Madeline Bassett

Madeline Bassett is a recurring character in the Jeeves stories by English comic writer P. G. Wodehouse, being one of the young women to whom Bertie Wooster periodically finds himself threateningly engaged.

Contents

Overview

Wooster describes her in Right Ho, Jeeves as " a pretty enough girl in a droopy, blonde, saucer-eyed way, but not the sort of breath-taker that takes the breath ", though elsewhere he describes her as "physically in the pin-up class". These moderate charms must be considered in balance with her personality, which is that of the soppiest, mushiest, sentimentalest young gawd-help-us that ever was; even the devotion of Gussie Fink-Nottle wanes with each new injunction to take up vegetarianism or recite Christopher Robin poems at the village concert.

To illustrate her unique outlook on early 20th century life, it may help to mention that Madeline is allegedly fond of remarking in casual conversation that "the stars are God's daisy chain", or that "every time a fairy blows its wee nose a baby is born". Such comments would be in keeping with her general conversational style, which is all too apt to revolve around elves, gnomes, flowers, and small furry creatures. This excessive soppiness is wedded to an impressive degree of self-centered idealism, which for nearly the entire course of the saga keeps her from being wedded to anyone else; at the end of Jeeves and the Tie that Binds she is re-engaged to Roderick Spode and may be presumed to be on her way to becoming the next Countess of Sidcup, as long as he does not make the error of relinquishing his title or speaking ill of Winnie the Pooh.

When not visiting some country house or other as the plots of the books demand, Madeline is generally to be found at Totleigh Towers where she lives with her father, ill-tempered magistrate and silver collector Sir Watkyn Bassett, and her father's ward Stiffy Byng. The two girls seem to be on good terms, Madeline supporting Stiffy's secret engagement to Stinker Pinker, but Stiffy has little trouble in perceiving Bertie's unwillingness to be leg-shackled to La Belle Bassett and makes extensive use of said unwillingness with blackmail.

This threatened matrimony comes about originally due to Madeline being a friend of Bertie's cousin Angela, the daughter of his Aunt Dahlia Travers. In Right Ho, Jeeves, they meet on a trip to Cannes during which she believes that he is gazing at her with long, dumb, searching looks. What for Bertie is mere terrified longing for his warm safe apartment and the comforting presence of Jeeves and a nice cocktail, Madeline mistakes for pining love; and when he pleads in the third person the cause of Gussie Fink-Nottle who adores Madeline from afar, Madeline of course mistakes his plea for a proposal from Bertie. She gently rejects his proposal, as she has been infatuated with Gussie since their first meeting; however she assures a relieved Wooster that, if ever she felt the need to return Fink-Nottle to the store, Bertie is the first person she'd look to as a replacement fiancé. The health of her various engagements forever thereafter hangs over Bertie's head as a sort of Sword of Damocles.

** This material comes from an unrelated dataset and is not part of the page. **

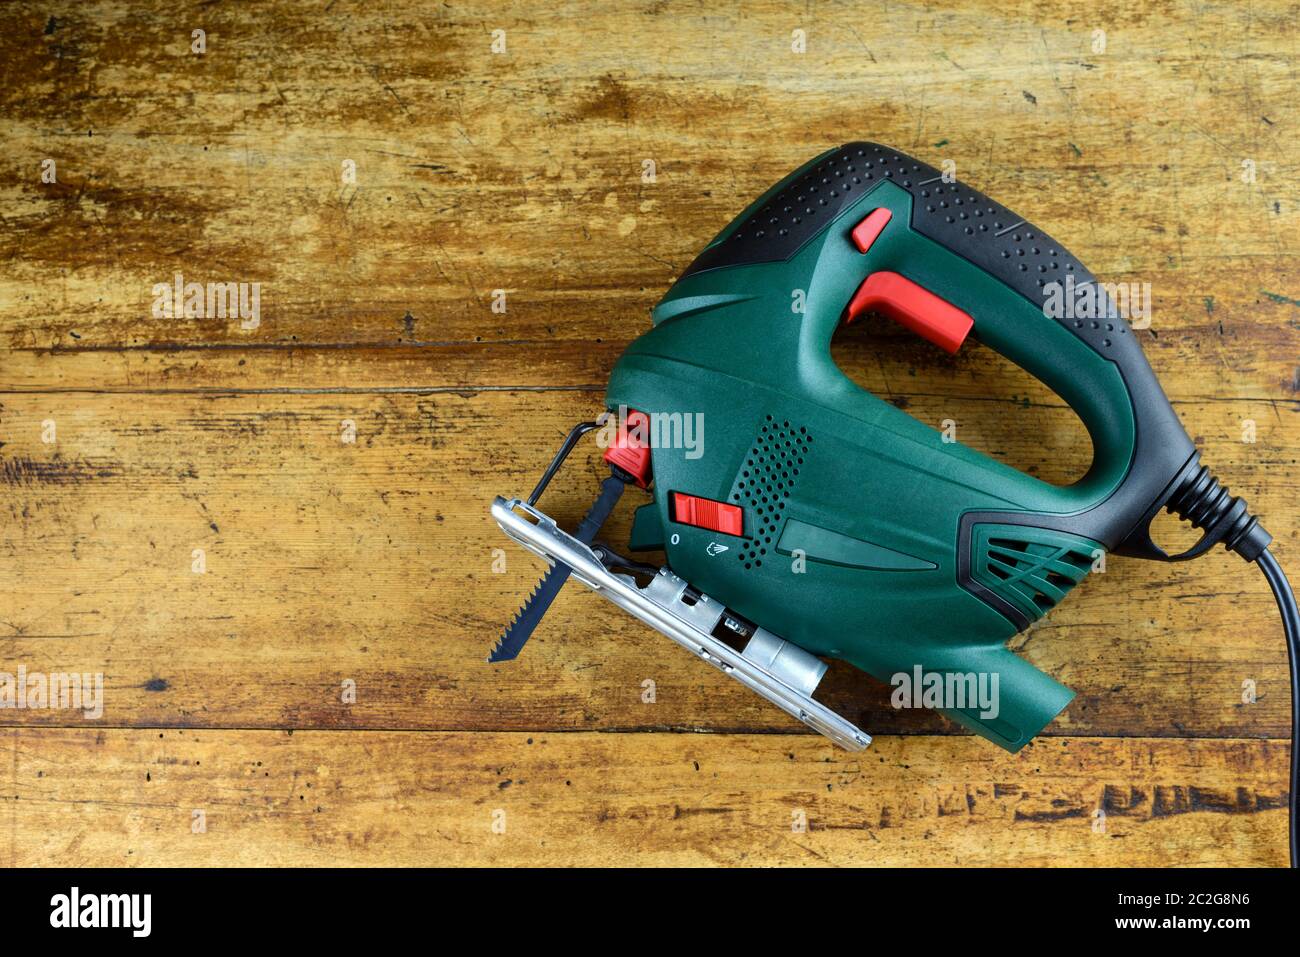 A jigsaw power tool on vintage wooden background with copy space for text. Stock Photo
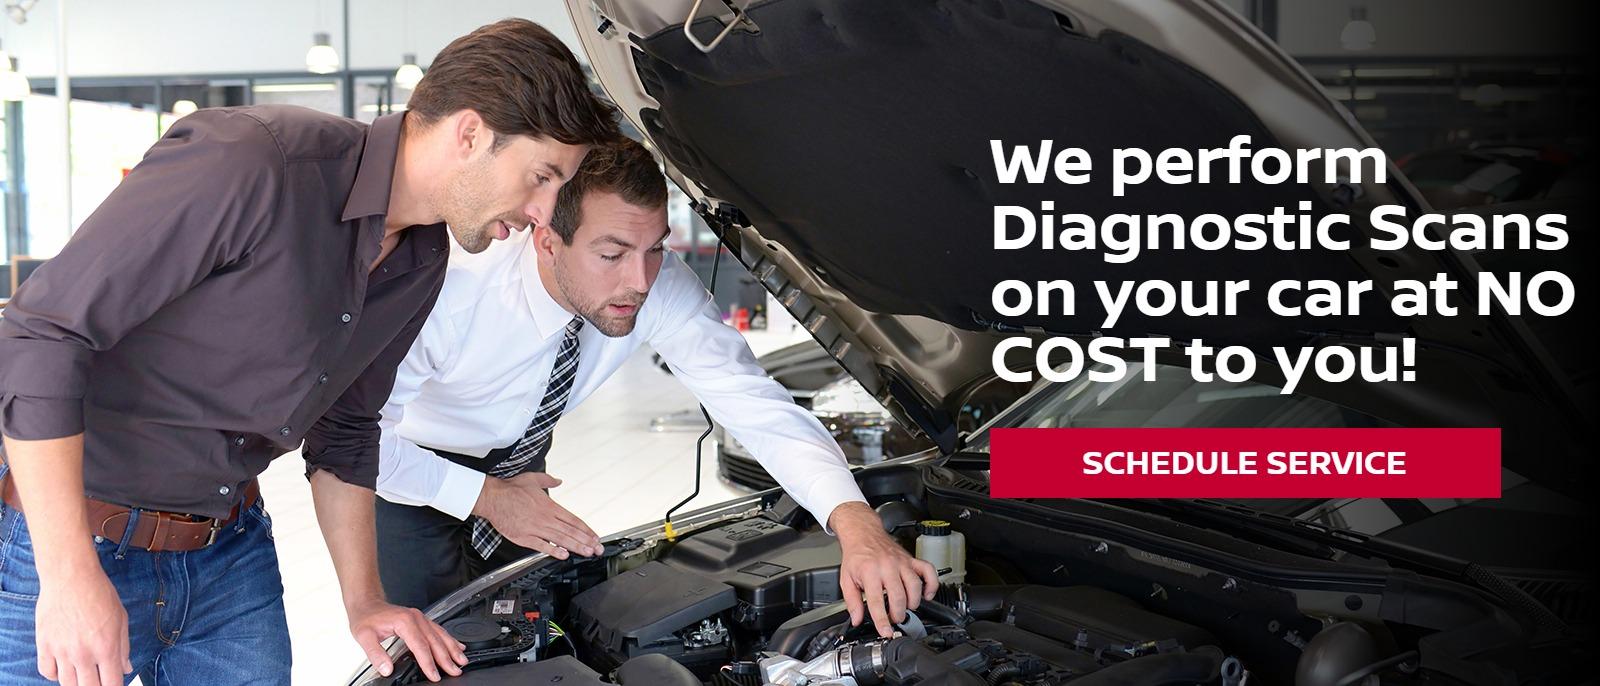 We perform Diagnostic Scans on your car at NO COST to you!

Madeline typically thinks that Bertie comes to where she is to display his pining, everlasting adoration, when he's actually either there for reasons having nothing to do with her, or to try to save her current relationship.

Appearances

Stories

Through an unfortunate misunderstanding, Madeline comes to believe that Bertie is in love with her, but (fortunately for Bertie), she becomes engaged to his friend Gussie Fink-Nottle. When he elopes with Emerald Stoker, she renews her engagement with Bertie, before becoming affianced to Sir Roderick Spode, later 7th Earl of Sidcup.

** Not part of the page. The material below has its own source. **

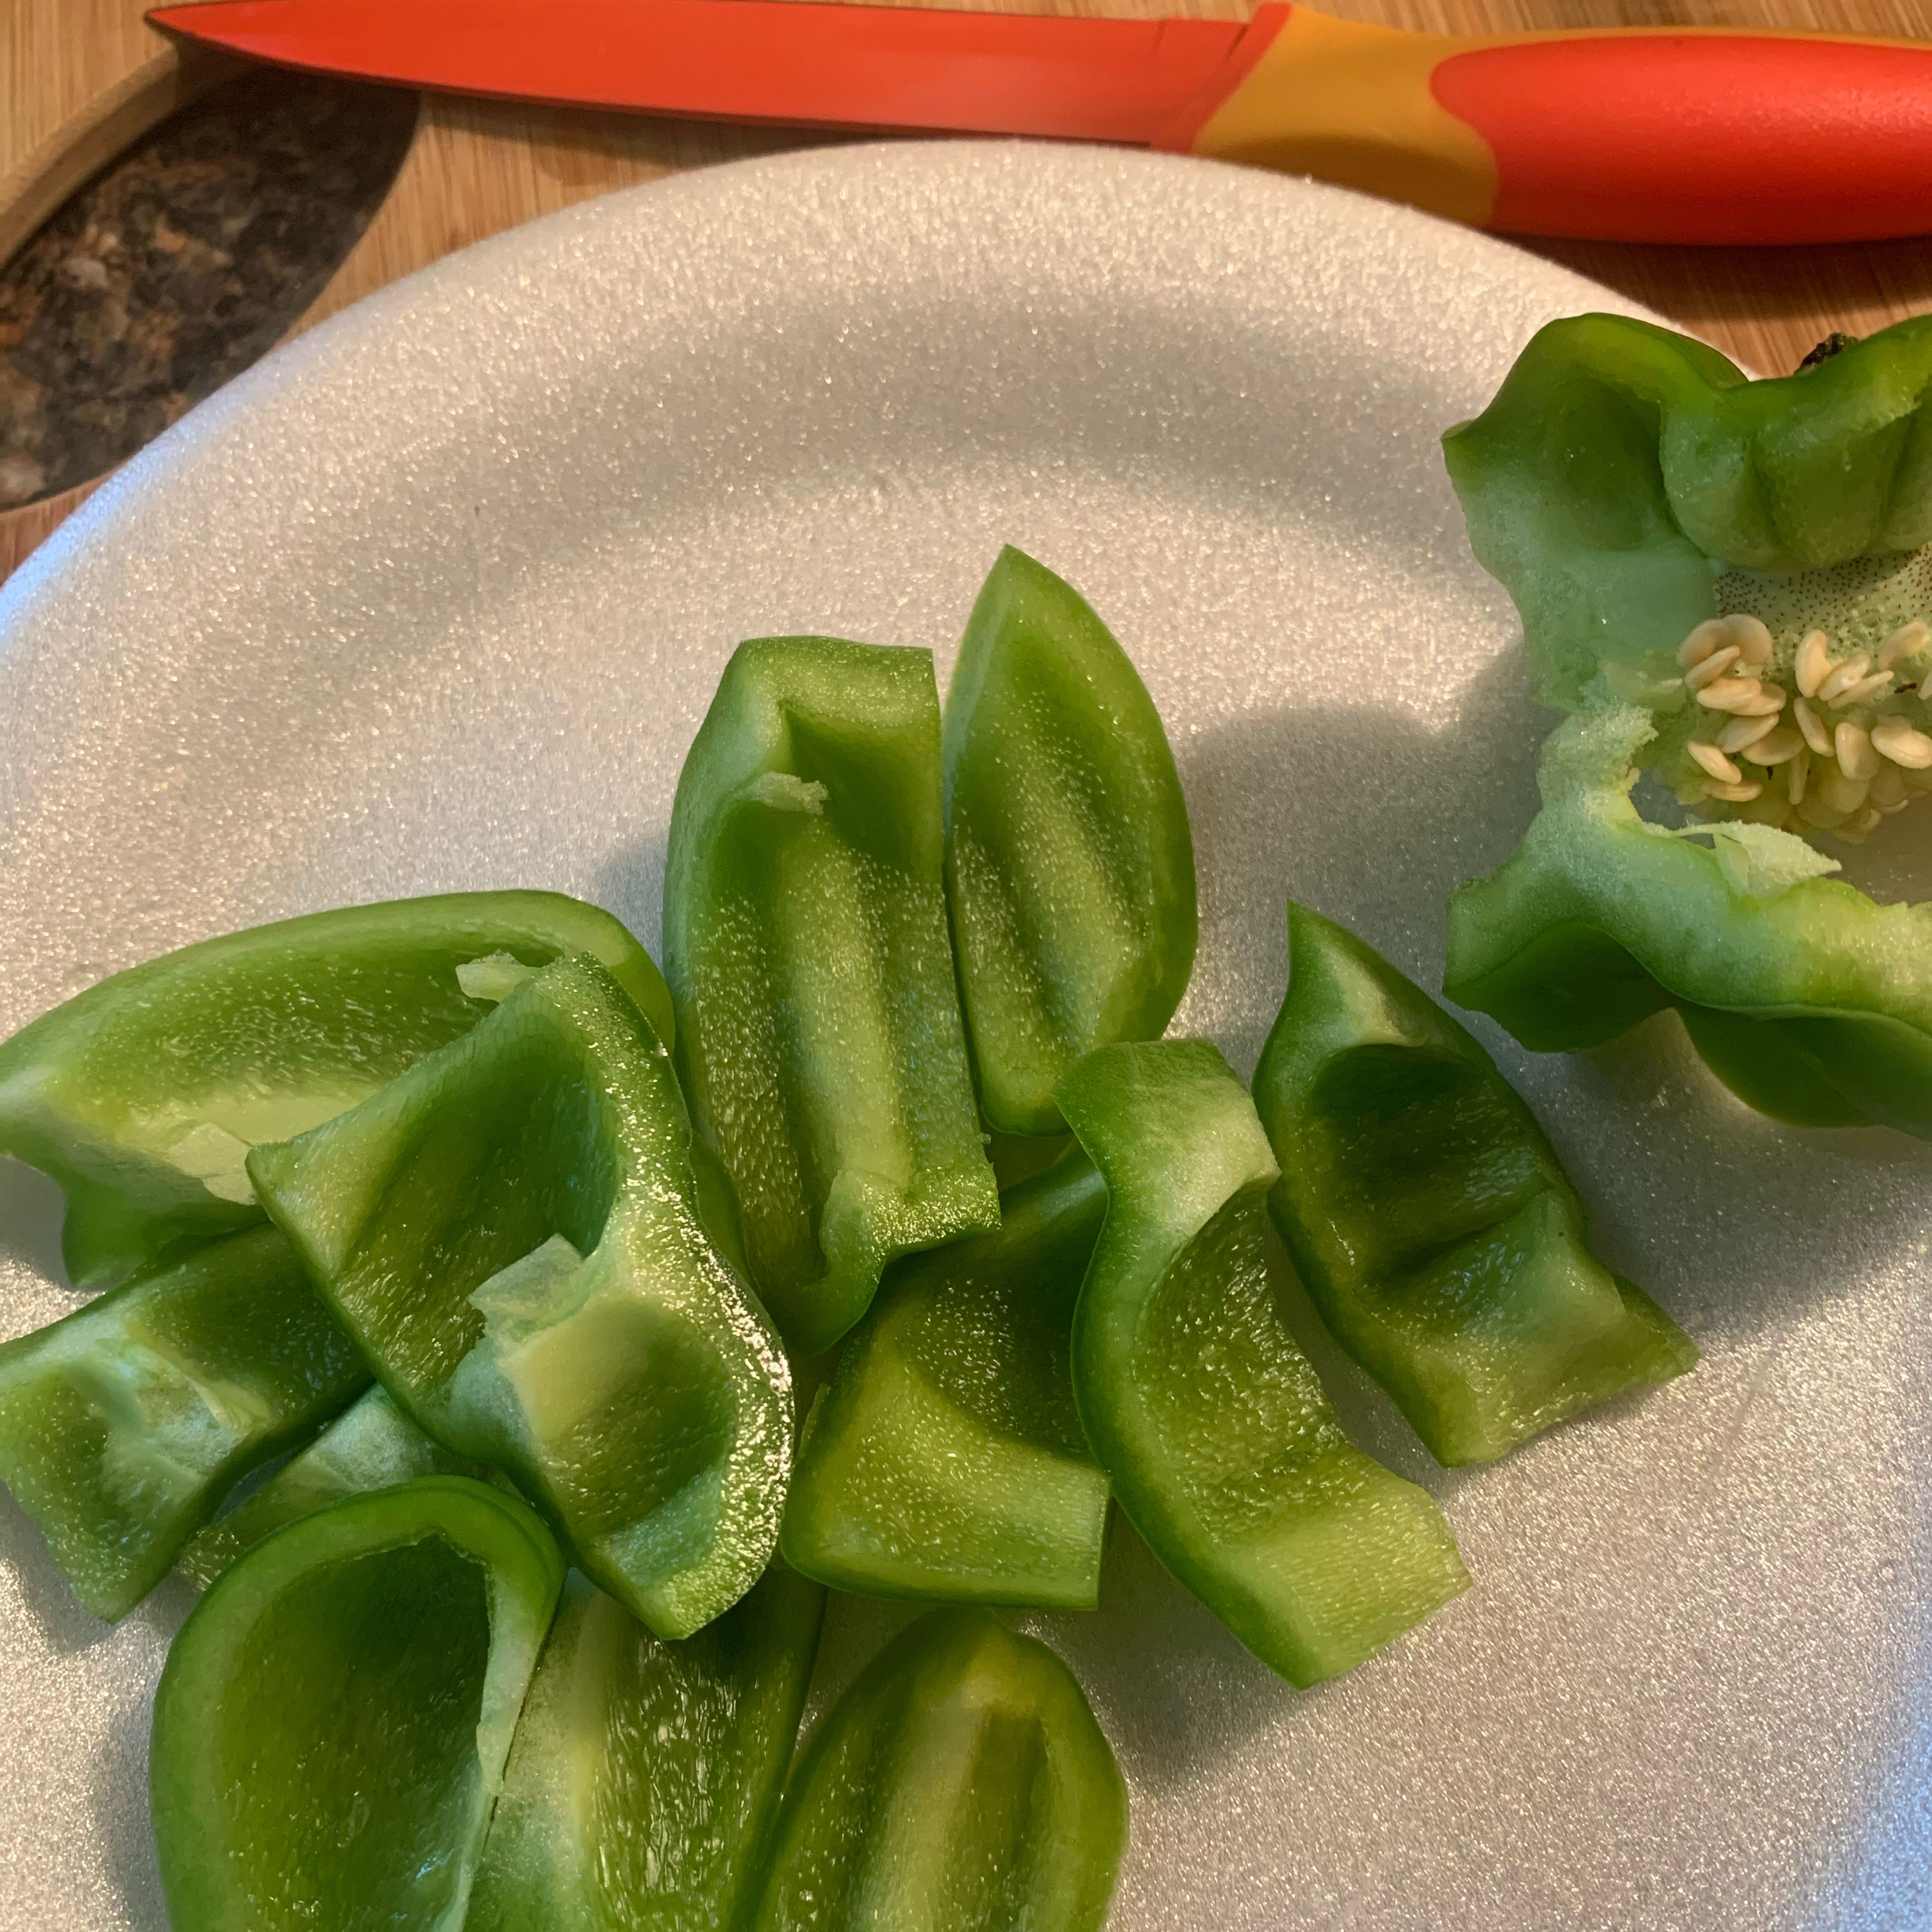 Chop bell peppers into large pieces making sure no ribs or seeds are intact and then set aside.

In the ITV television series versions of the P.G. Wodehouse stories, Madeline almost marries Spode, but the attempted wedding is ruined by Tuppy Glossop's pipe clearing rust-bucket "Plumbo-Jumbo", in the series finale "The Ties That Bind".

In the third and fourth seasons of the ITV series Jeeves & Wooster, 1992–1993, Madeline Bassett was played by Elizabeth Morton, having been played in the first two series by Francesca Folan and Diana Blackburn respectively.